Description
Bien qu’invisibles depuis nos navigateurs des millions de serveurs fonctionnent continuellement pour que le web reste disponible 24h/24. Même si les chiffres restent confidentiels, un seul grand acteur du web peut nécessiter des dizaines, des centaines de milliers de machines comme EC2[1] voire aux alentours de 1 million chez Google[2]. La mise en œuvre d’un si grand nombre de machines représente un défi technique mais surtout économique. La grande majorité de ces acteurs ont relevé ce défi en utilisant du matériel de grande série, du « commodity hardware » – terme que nous allons préciser par la suite.

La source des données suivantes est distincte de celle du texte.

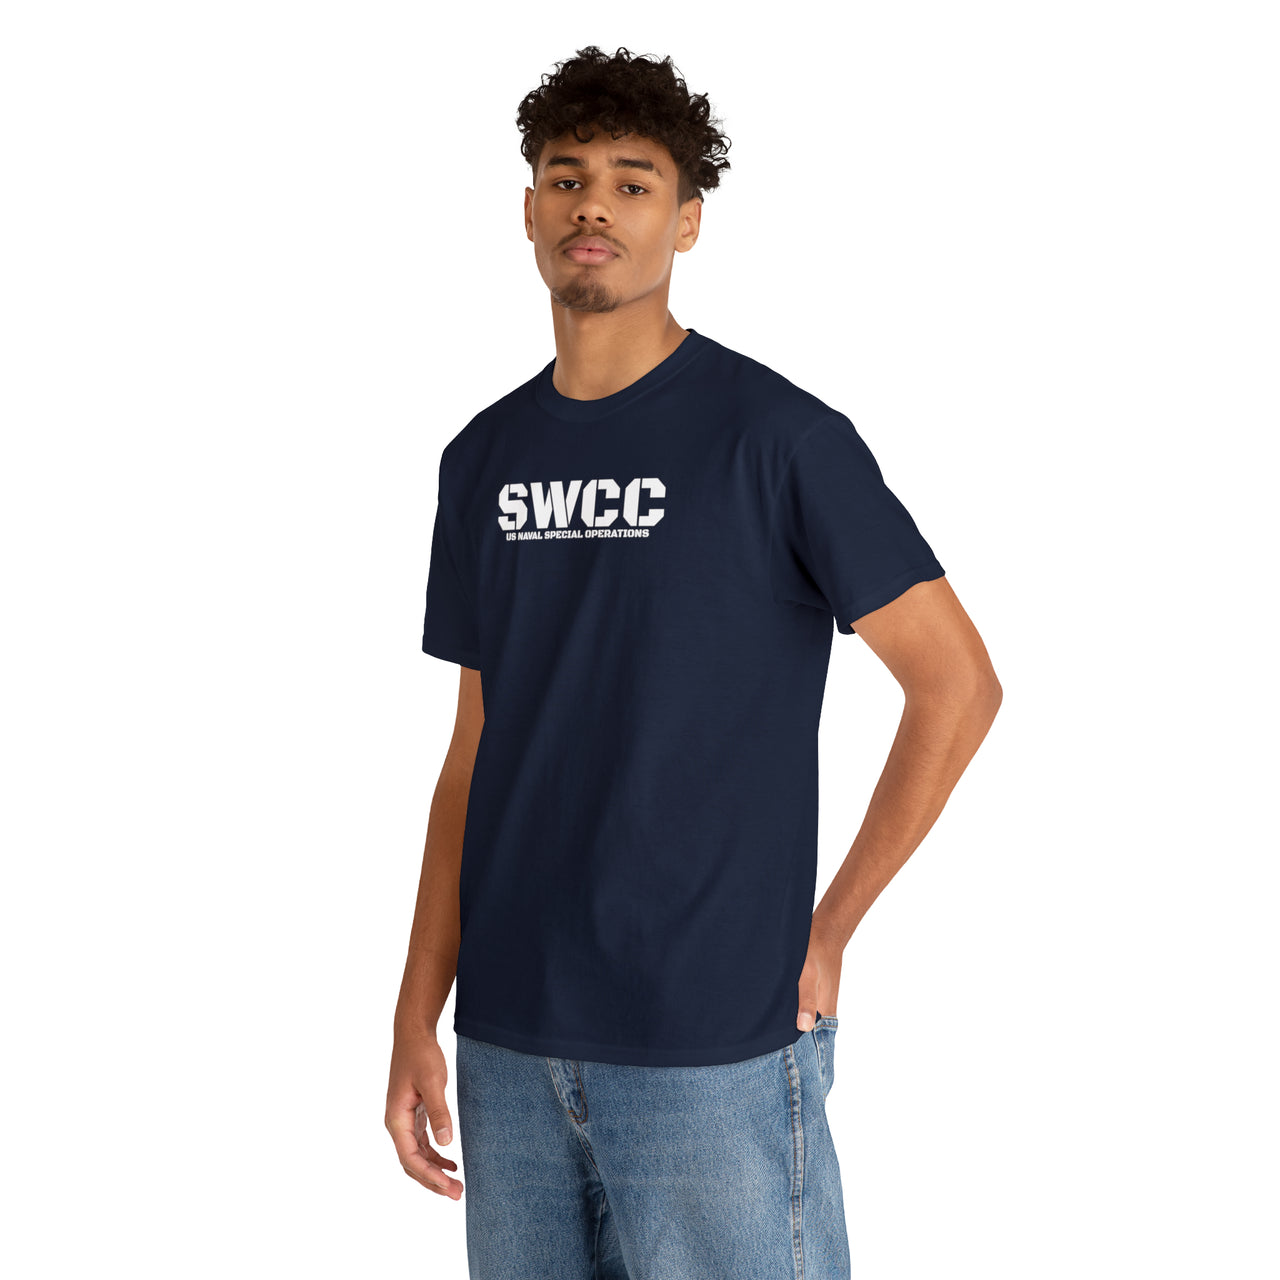 SWCC - Basic (White)

C’est une des raisons qui conduit les grands du web à utiliser un agencement de nombreuses machines de grande série à la place d’un seul grand système. Un seul service aux utilisateurs, une seule application, peut ainsi s’exécuter sur des centaines de machines. On parle à ce niveau-là de Warehouse Scale Computer[3], des centaines de machines prenant la place d’un seul serveur.
Les besoins métiers
Les grands du web ont en commun un certain nombre de problématiques – déjà évoquées dans nos articles précédents[4] :
- Un business model lié à l’analyse d’énormes quantités de données – par exemple indexer le web (soit près de 50 milliards de pages).
- Des enjeux forts de performance pour que les temps de réponse restent faibles
- Une rémunération indépendante de la quantité de données stockées : publicité, facturation de l’utilisateur au forfait
Les revenus comme la publicité ne sont pas linéaires avec le nombre de recherches et, ramenés à une requête unitaire, restent faibles[5]. Comparativement les coûts unitaires sur des grands serveurs traditionnels restent trop élevés. L’enjeu est donc fort de trouver des architectures avec les coûts par transaction les plus faibles.

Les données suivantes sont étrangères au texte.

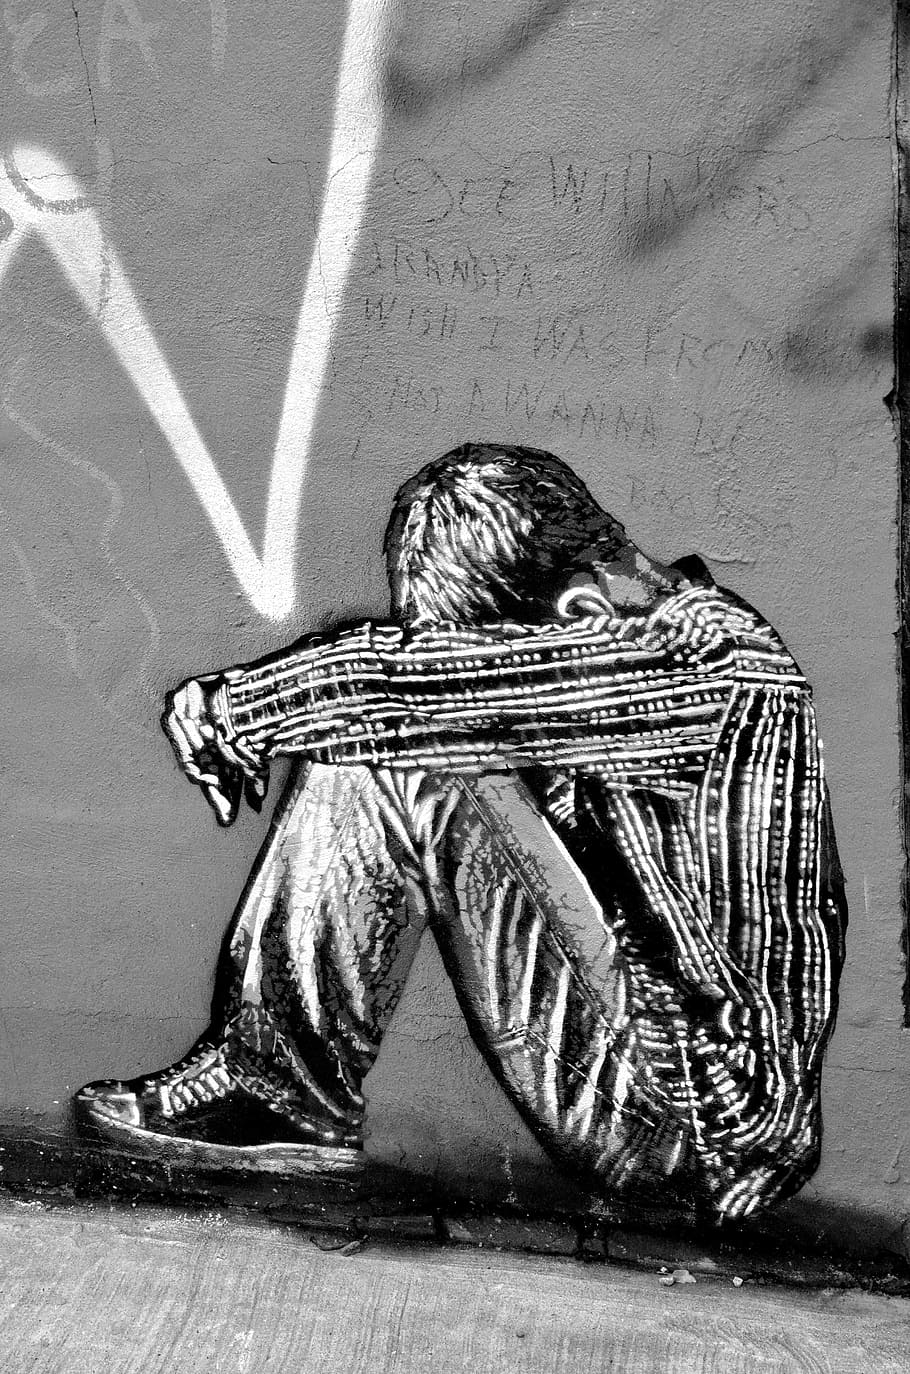 boy painted on wall, street art, graffiti, new york, spray, emotion

Enfin les ordres de grandeur des traitements mis en œuvre sont sans commune mesure avec les traitements traditionnels d’informatique de gestion dont le nombre d’utilisateurs était jusque-là borné par le nombre d’employés. Aucune machine, aussi grosse soit-elle, ne sera en mesure de répondre à leurs besoins.
En somme ces acteurs ont besoin de scalabilité – coût marginal par transaction constant – ce coût marginal devant rester faible.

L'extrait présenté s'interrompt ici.